Summer Projects

Abandoned Old Rusty Car
Alex Proimos via Compfight

I accepted that something wasn’t right with me when I realized that what I was looking forward to this summer was… doing work. Specifically, getting my digital footprint up to snuff and taking care of work-related planning and organization. Here’s an excerpt from my lengthy to-do list (kept, of course, in Evernote):

  1. Update my personal website at www.mrkelsey.com
  2. Transition to a new cloud service
  3. Finish annual teaching reflection
  4. Complete planning maps for my world history courses

My work thus far has been steady but plodding. First off, I wanted to select a cloud service that I would use next year to keep my work and home computers in sync (Win7 and Mac-Lion, respectively) – not only with work files, but also my 50GB music collection. Furthermore, I needed a service that would allow me to easily share files and folders with my two co-planning teachers. After a feature and cost comparison between cloud services Spideroak, Skydrive, Google Drive, and Dropbox, I settled on Skydrive. It’s among the cheapast of the options, and it offers 7GB to free users – a better deal for my co-planning teachers who probably won’t shell out $50/year for extra storage. I quickly find this to be the wrong choice, though. Skydrive suffers from strict file name limitations (no symbols like ; ” , / etc), so I had to use a mass filename replacer to fix the hundreds of errors that Skydrive had. Then I had to trash the app’s preferences to get it to sync properly. I still haven’t completed a full sync since I’m on a limited data plan here in rural Canada. If I could do it over again, I’d choose Google Drive. It’s comparable in cost, offers similar sharing features, and I doubt it faces the same filename restrictions (or if it does, it deals with them more gracefully).
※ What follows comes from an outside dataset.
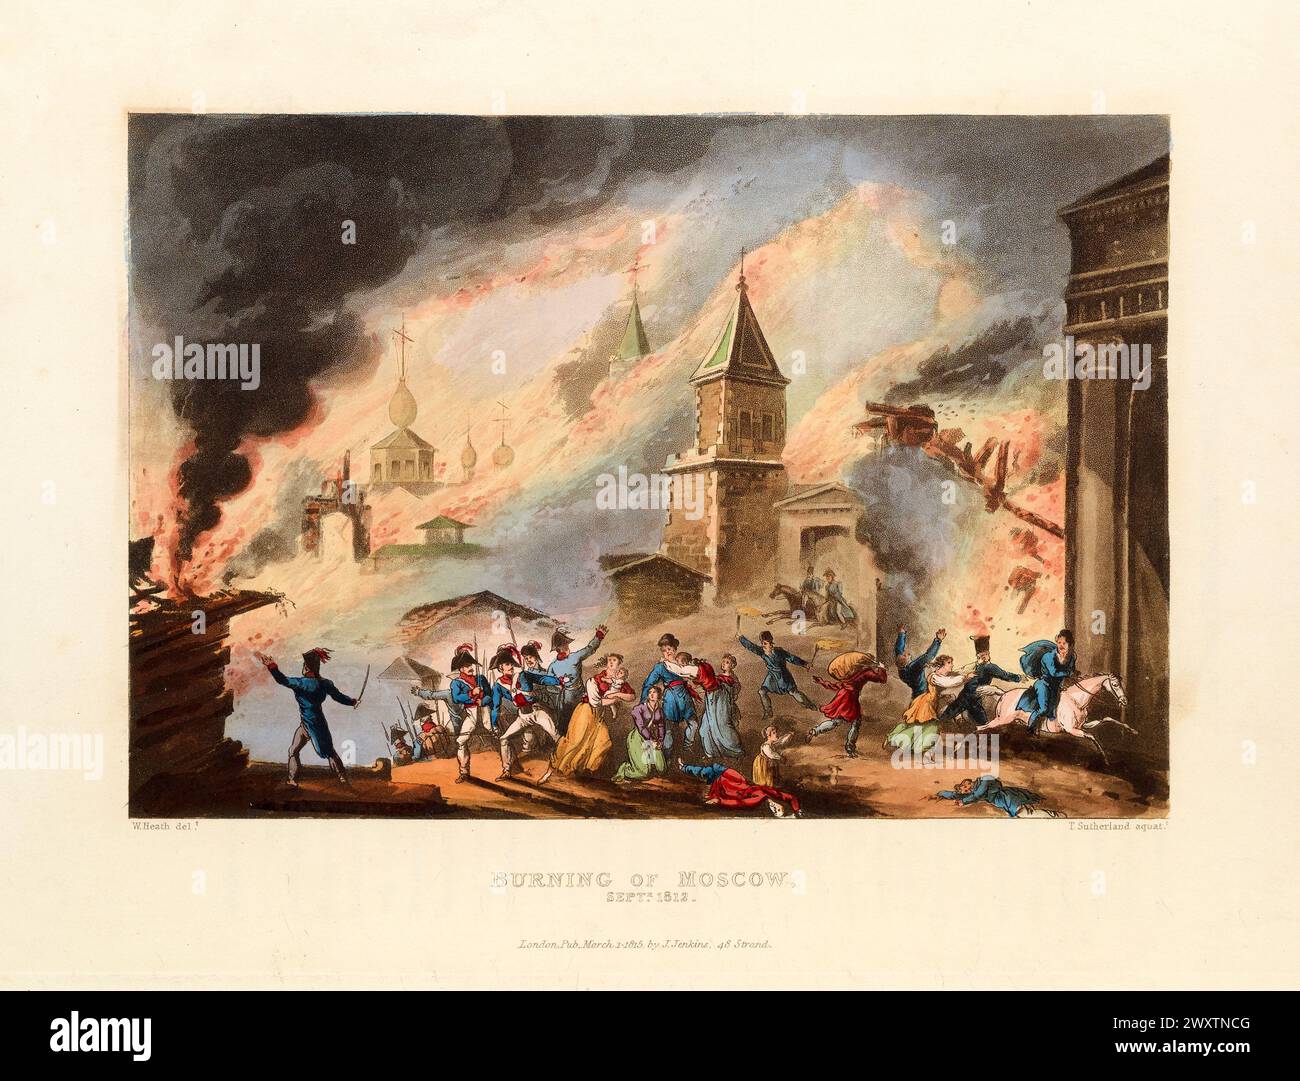 Burning of Moscow, September 1812.  Vintage Coloured Aquatint, published by James Jenkins, 1815,  from  The martial achievements of Great Britain and her allies : from 1799 to 1815. Stock Photo

My personal website has also been a time sink. I signed up for 1and1’s unlimited web hosting package on the recommendation of a friend – it’s $3 or 4 a month for all-you-can-eat bandwidth and web storage. They also claimed to offer 1-click WordPress installs. But my 1-click install didn’t work, so I ended up having to install WordPress and set up the domain manually. Admittedly, it wasn’t complicated – the WordPress install takes five minutes. But still – more complicated than it should have been.

Then it was on to customizing my WordPress install. I chose a theme, imported content from my Coetail blog, and tinkered for hours. The results are alright for a first attempt – www.mrkelsey.com. But I let the tail wag the dog, choosing a theme and tweaking the CSS styles before deciding what pages and content I wanted to have, instead of vice versa. I anticipated regular changes to what’s posted there now.

The past week has been all about the tools. Next step: using these tools to actually accomplish something.